**DATASET EXCERPT**:
▬▬▬▬▬▬▬▬▬▬
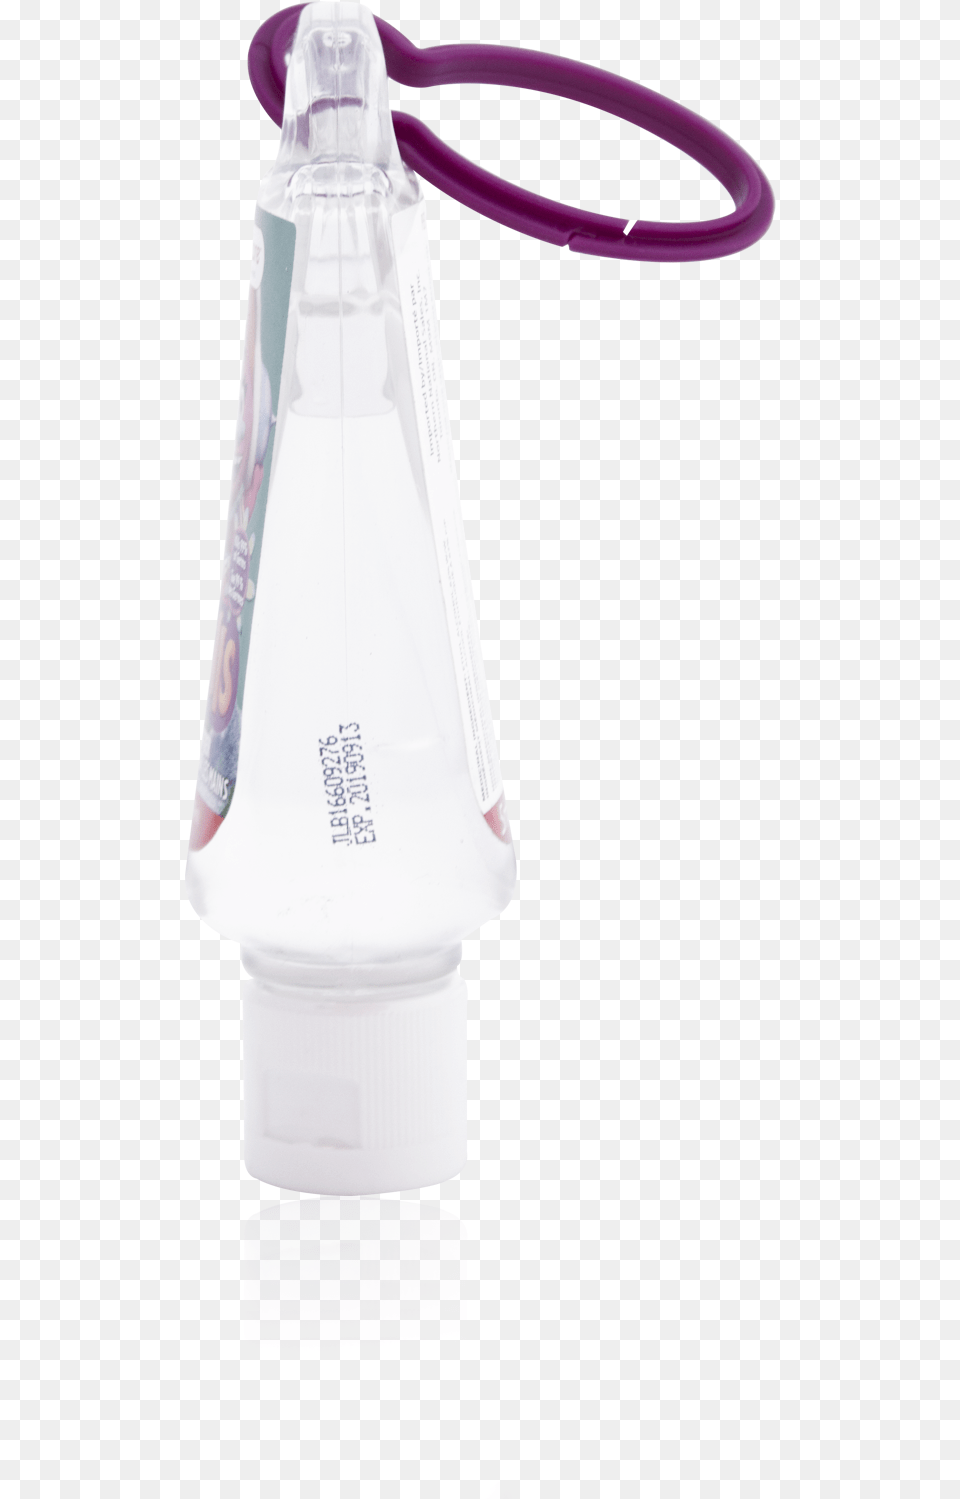 Water Bottle, Water Bottle, Smoke Pipe Free Transparent Png
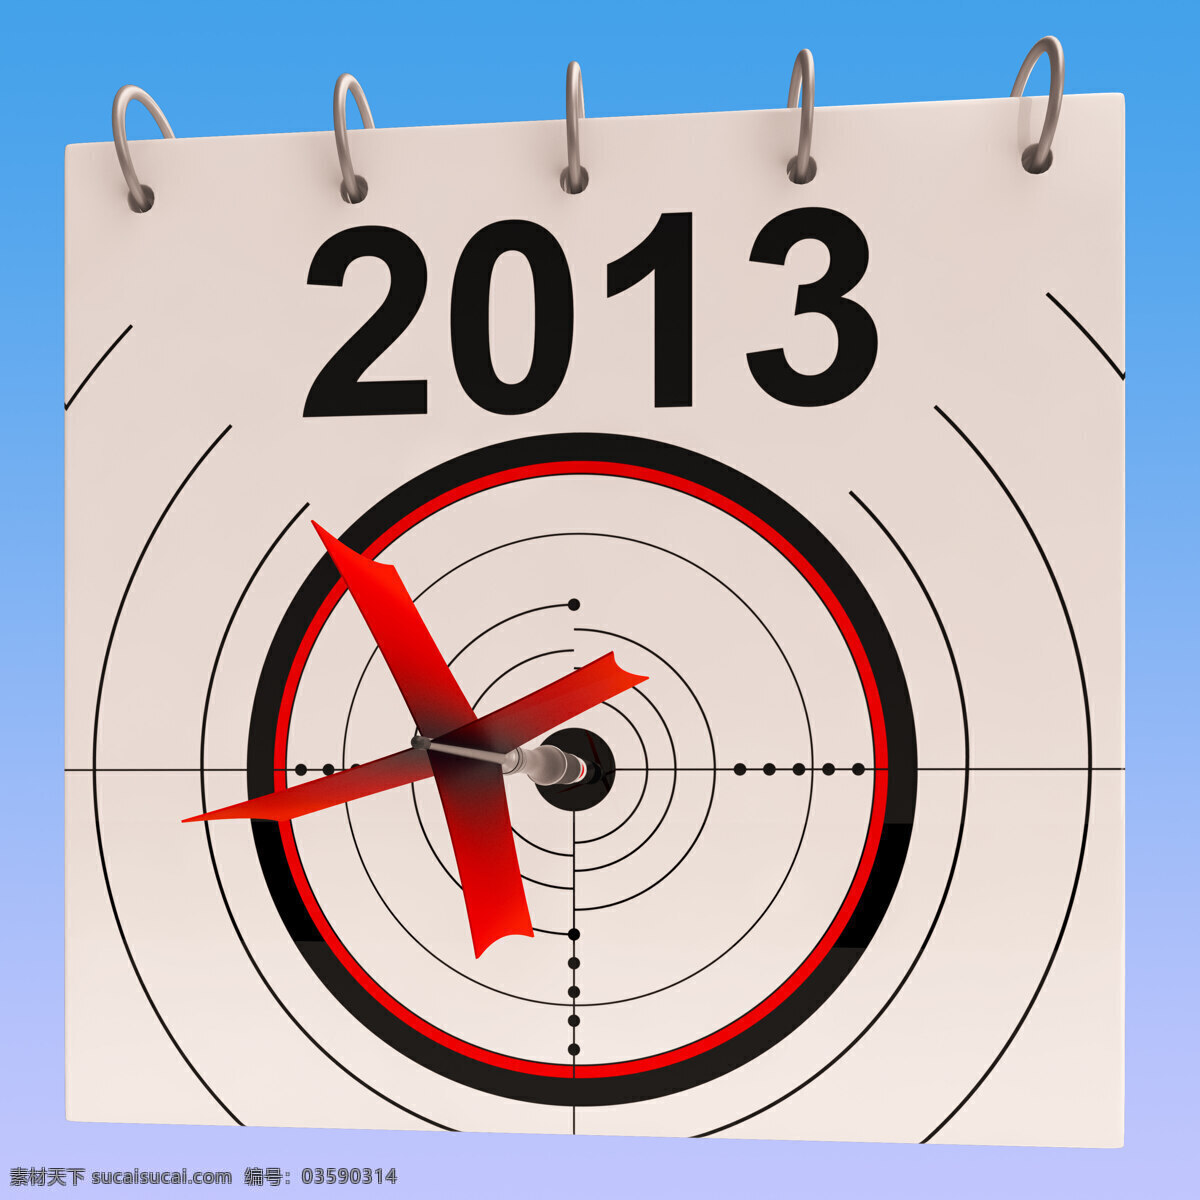 2013 日历 意味着 规划 年度 日程安排
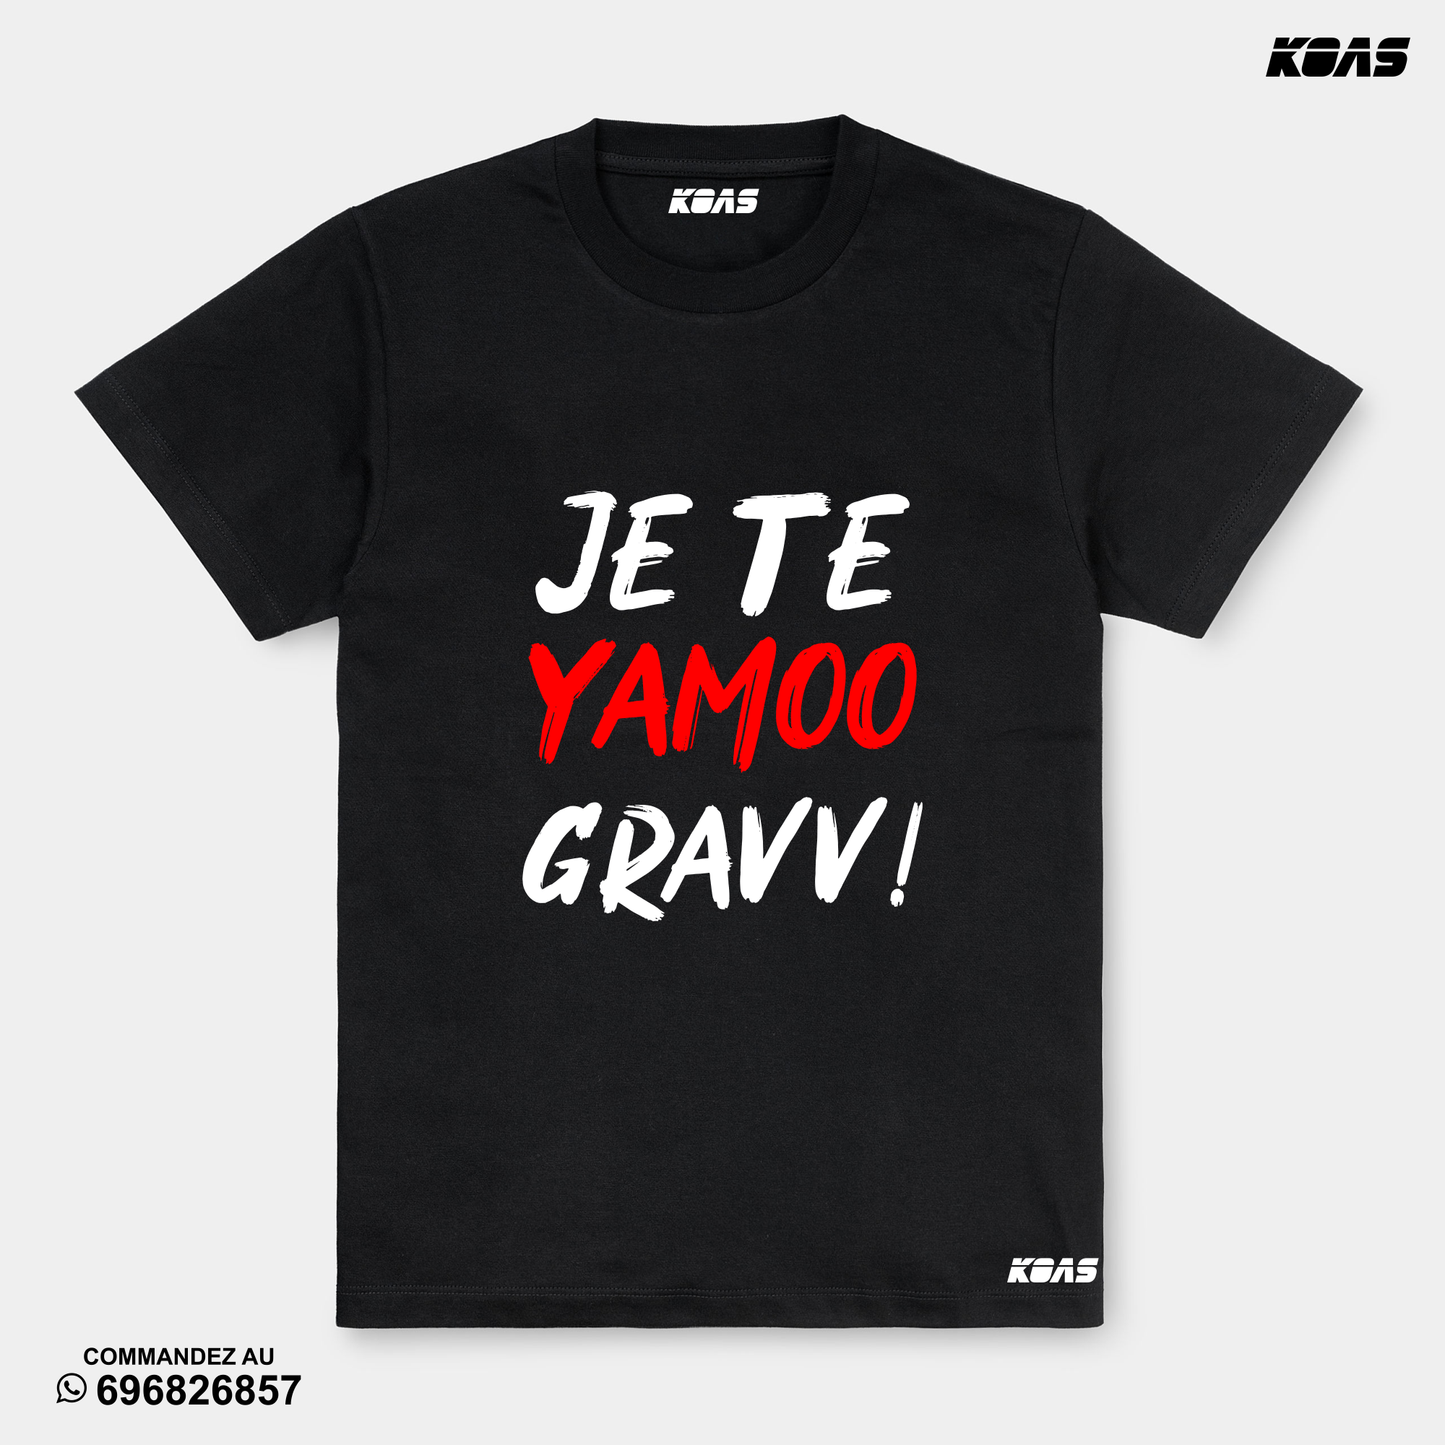 Yamo gravv - Tshirt
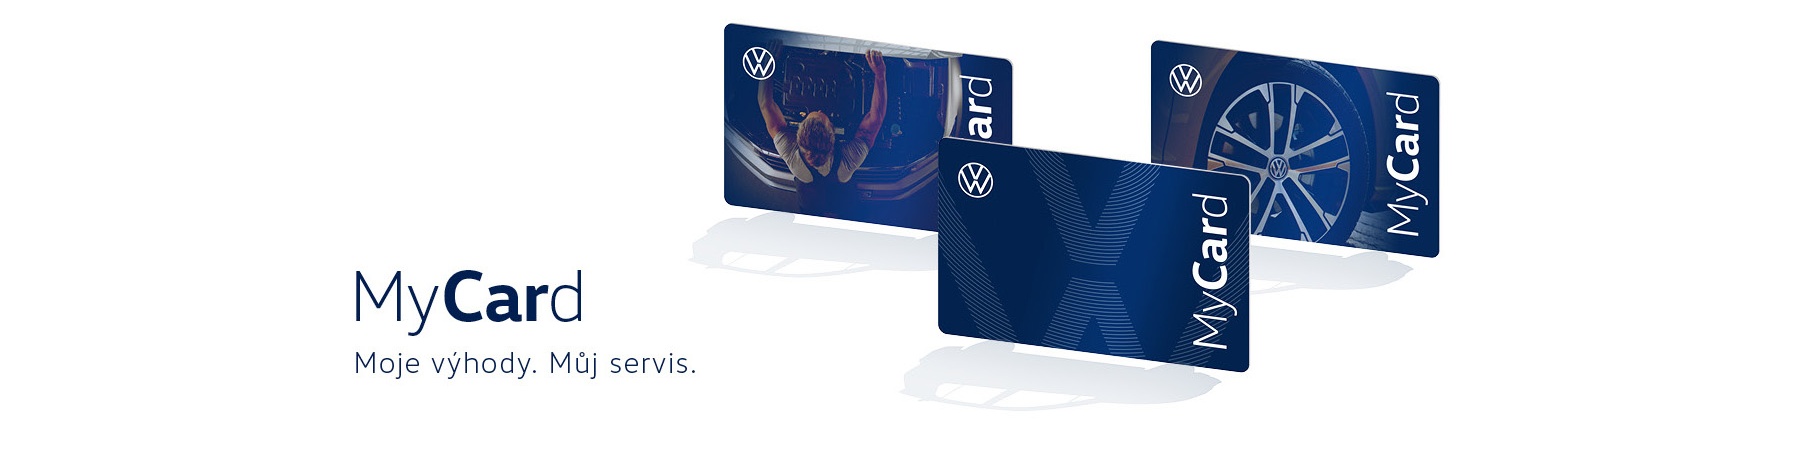 VW MyCard
▬▬▬▬▬▬▬▬▬▬
**TASK OBJECTIVE**:
Word for word, return the listing above; the pictures do not belong in the copy.

**ANSWER SECTION**:
 Water Bottle, Water Bottle, Smoke Pipe Free Transparent Png
 2013 日历 意味着 规划 年度 日程安排
 Yamo gravv - Tshirt
 VW MyCard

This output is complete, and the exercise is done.